In a recent survey, a majority of students said that while their science and math teachers seem knowledgeable and keep class interesting, they aren’t teaching about science, technology, engineering, and math (STEM) career options. High school students also said they don’t believe STEM knowledge is integral to getting a good job, which doesn’t bode well for leaders counting on STEM education to keep the nation at the forefront of the global economy.
Spurred by the Obama administration’s “Educate to Innovate” campaign—a nationwide effort by U.S. companies, foundations, government agencies, and nonprofit organizations to help move America to the top of the pack in math and science education—the American Society for Quality (ASQ) commissioned market research firm Harris Interactive to conduct an online survey to uncover how well teachers transfer their knowledge and passion for science and math to their students and inspire them to pursue STEM careers.
The survey, conducted in December, asked more than a thousand students in grades 3-12 to provide a scaled report card (with grades ranging from A-F) on their science teachers’ classroom skills and activities.
Although 85 percent of students said their teachers deserve at least a “B” when it comes to knowledge about science topics (55 percent of students gave their teachers an “A”), 63 percent of high school students said their teachers are not doing a good job of talking to them about engineering careers (”C” or lower), and 42 percent of high school students said their teachers don’t ably demonstrate how science can be used in a career (”C” or lower).
Also, students in grades 7-12 are less likely than third through sixth graders to believe a person needs to be skilled science and math to get a good paying job (66 percent vs. 80 percent).
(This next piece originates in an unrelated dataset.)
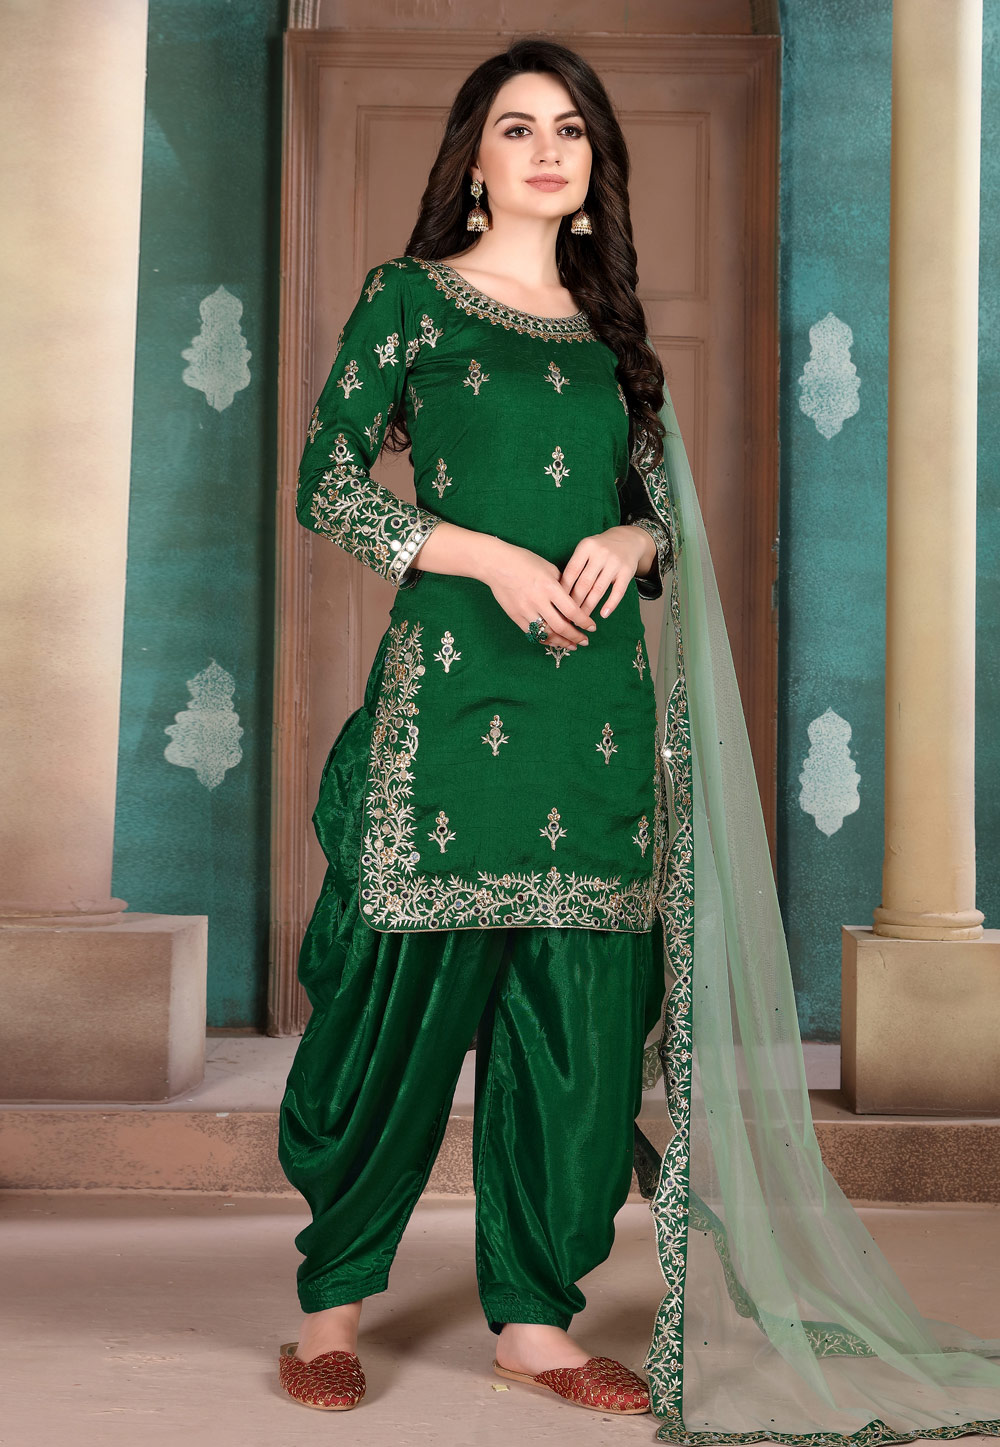 Green Punjabi Suit | Designer punjabi suits, Salwar designs, Stylish suit

“We believe that as students get older and begin to diversify their studies and become more aware of the wide range of available career opportunities, they start to think that math and science aren’t necessarily critical to their job hunt,” said Maurice Ghysels, chair of ASQ’s Education Advisory Council.
“In some cases, a contributing factor is that some teachers aren’t doing all they can to connect the dots between the math [and] science work that students are doing on a daily basis and how it relates to the real world and their future careers.”